The trial transcripts were printed and sold many a copy during a time when immigrants had little money to spare.
When I was a small child, our social life was organized around
Armenian events. Elderly ladies, dressed in black, who did not dance or
laugh, whose signature action was to wring their hands as they echoed
the “vakh vakh” that so defined them, were part of our
landscape. As a child, I was both drawn to these women and shrank from
them. I knew they lived in an inner world that I did not want to know.
As children, we absorbed the meaning of the words “vakh vakh” without being told the phrase means “what a shame, what a pity.” But I did not know then that vakh
in Armenian means “fear.” We children feared these women because we
knew instinctively that we could become them. The effects of genocide do
not disappear by an act of will. While research has shown that
three-quarters of Armenian survivors interviewed asserted that they did
not talk to anyone about their experiences of the genocide for fear of
persecution and to protect their children, helplessness and silence can
exacerbate the effects of trauma, which children can sense. In addition,
epigenetics—genetic changes in response to life events—as well as
experiences may affect our behavior, and perhaps that of our children.
Perpetrators as well as victims may be affected by these problematic
epigenetic changes. We are left with the unsettling premise that not
only the sins of the fathers—but their responses from being sinned
against—may be visited upon their children.

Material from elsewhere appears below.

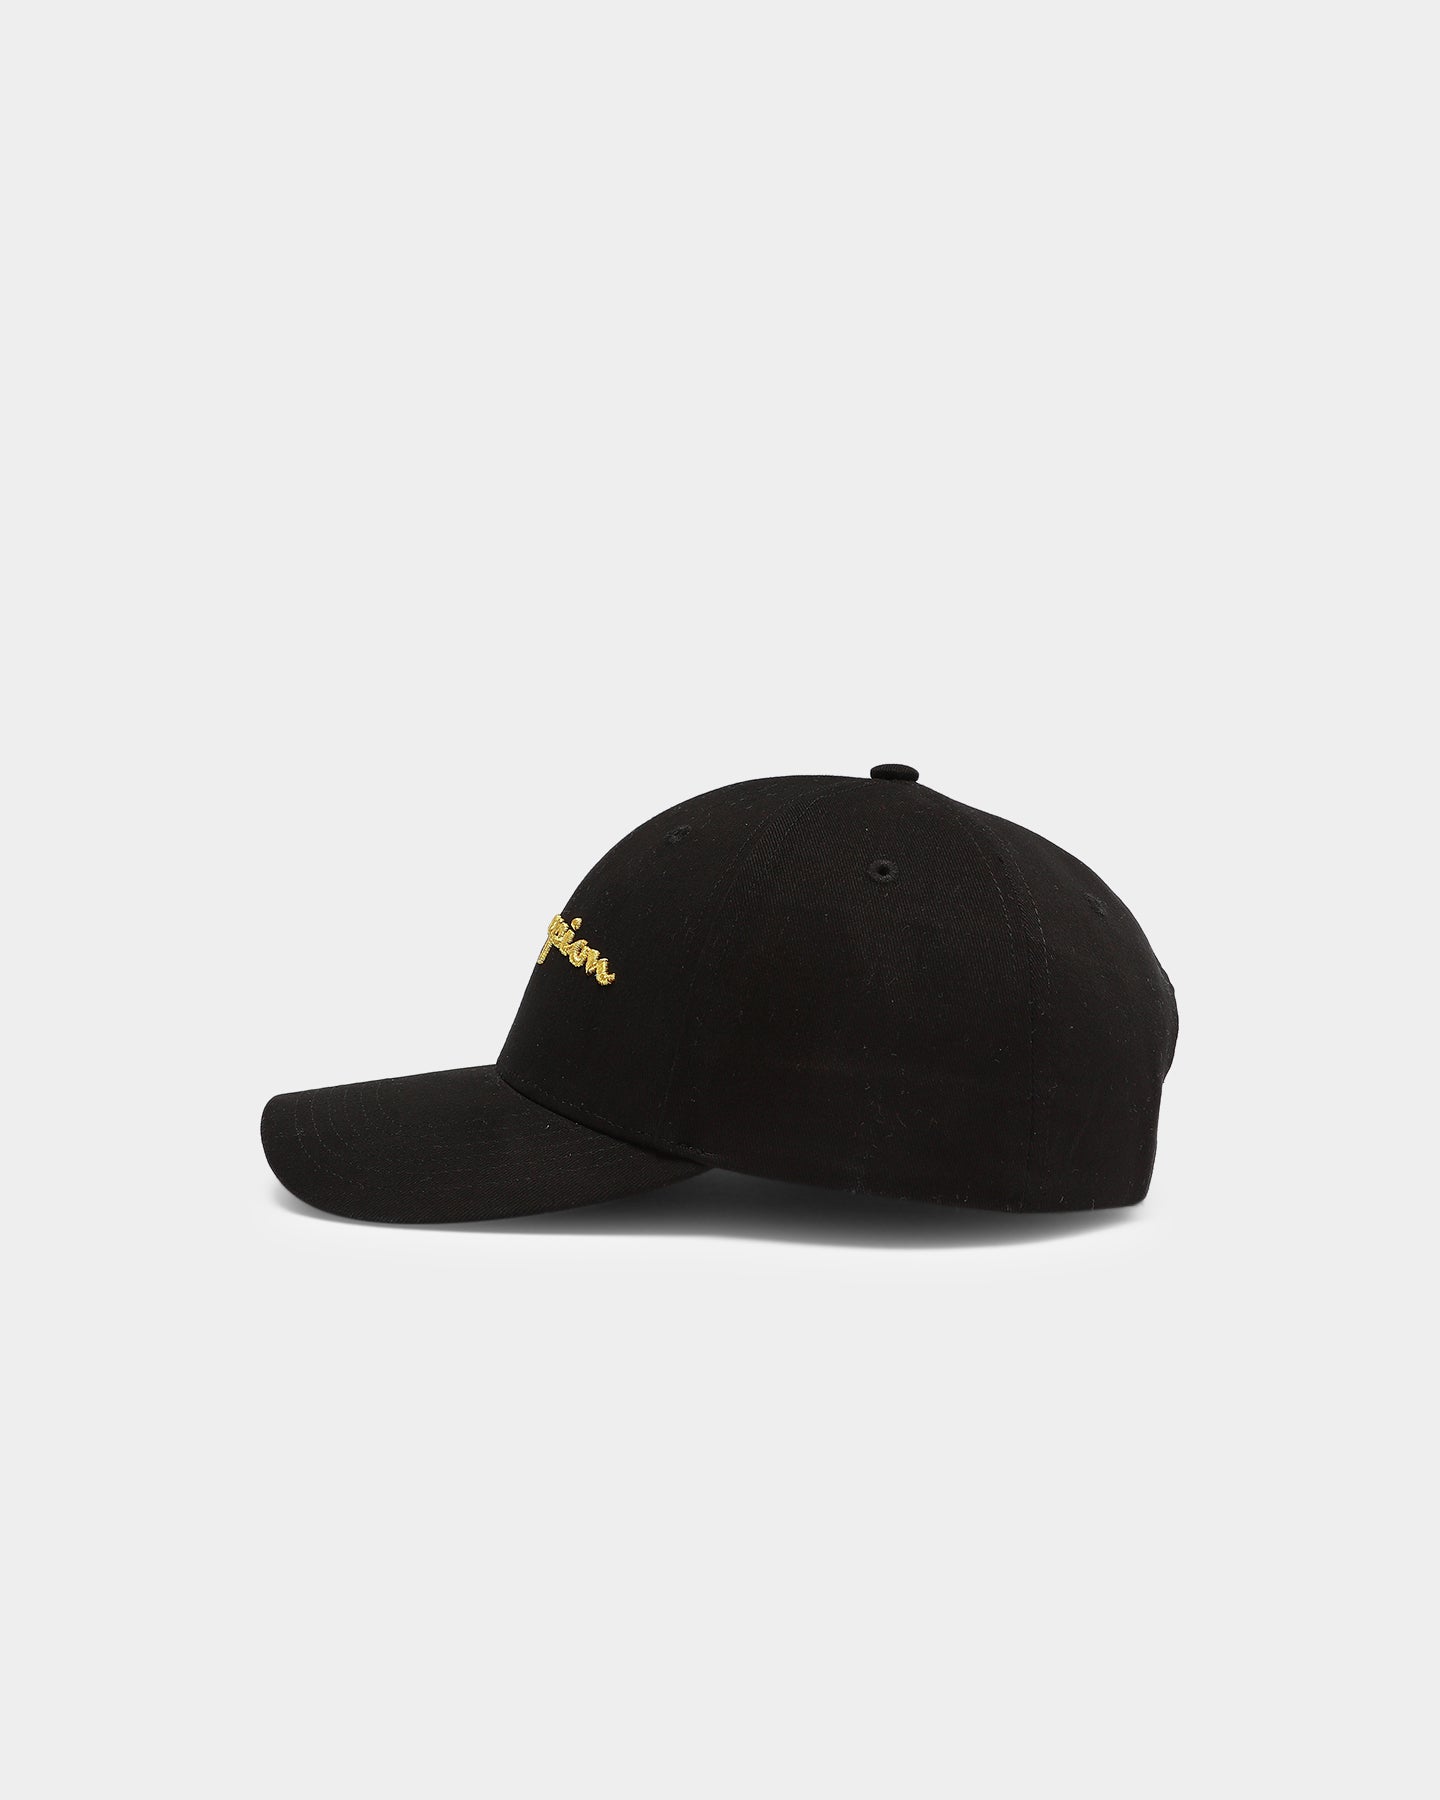 champion hat black
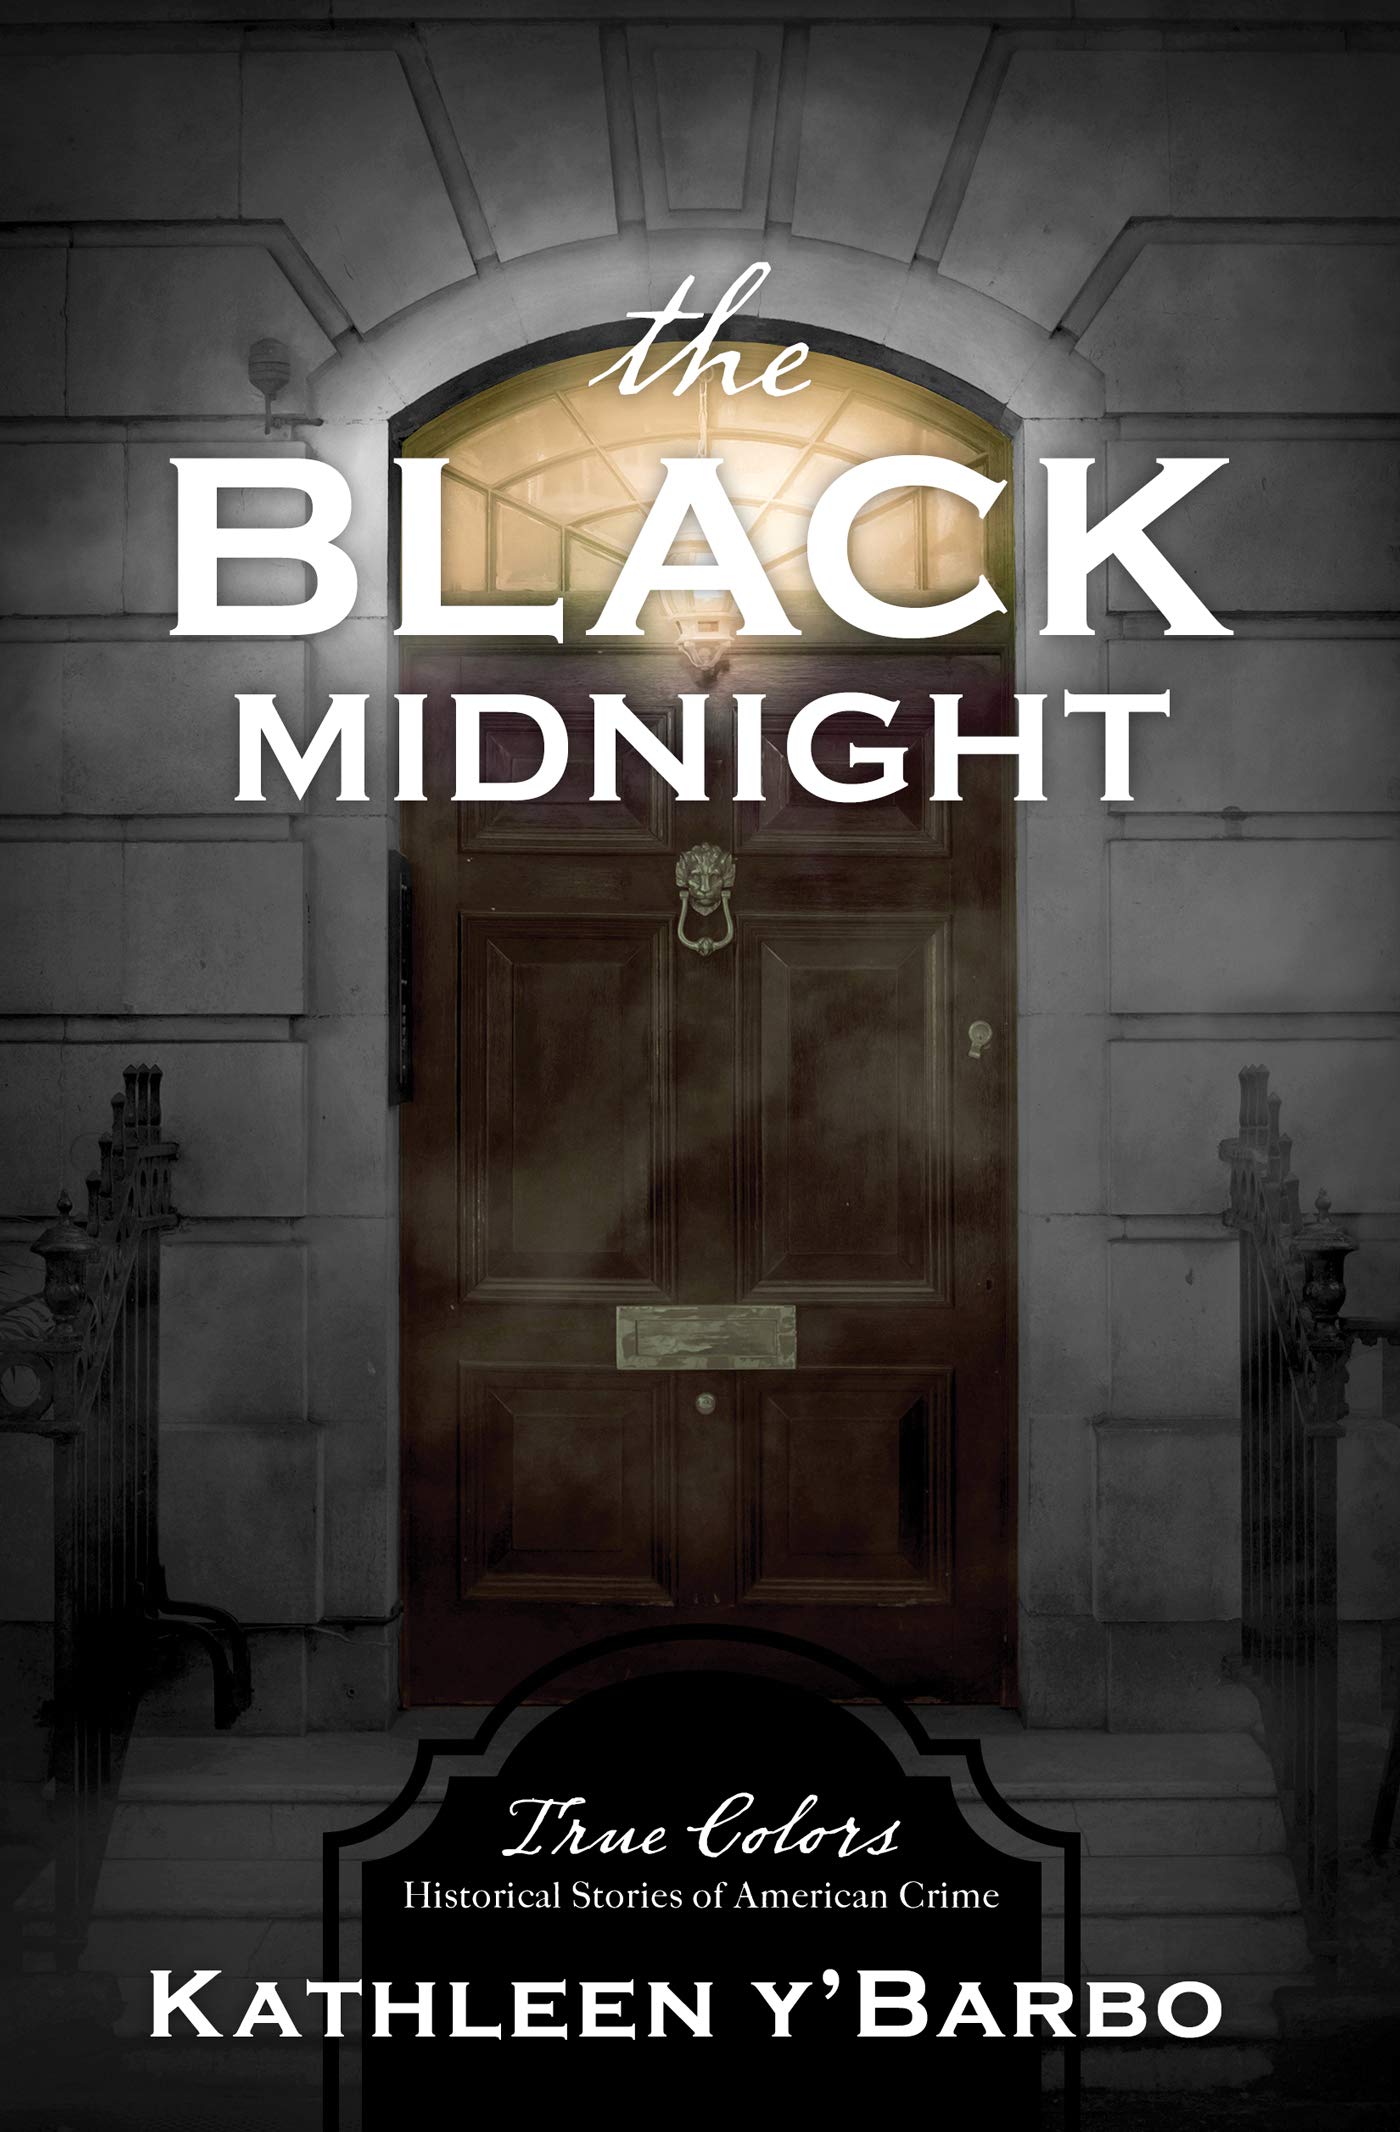 The Black Midnight

If so, this means that the
genocide is still happening—to both perpetrators and their victims.
On Jan. 13, I attended a lecture in Cambridge, Mass., given by the
noted Turkish scholar Taner Akcam, who talked about documenting the
effort in Aleppo immediately after the genocide to rescue Armenian women
and children, a project he is translating into Turkish. After the
lecture, he was asked why he does this difficult work. He talked of his
family’s dedication to supporting human rights in Turkey and the prison
terms that generated. He spoke of his brother’s jailors sending home his
bloody underwear to his mother. Turk or Armenian, bloody underwear is
the same. Let us hope in this year of the Centennial that the door to
truth and freedom begins to open—for both Armenians and Turks. In the
meantime, we can thank the men of Nemesis that the architects of the
Armenian Genocide did not die in their down beds of old age.
"The Armenian Weekly," February 18, 2015
(*) Marian Mesrobian Mac Curdy, Sacred Justice: The Voices and Legacy of the Armenian Operation Nemesis, New Brunswick: Transaction Publishers, 2015.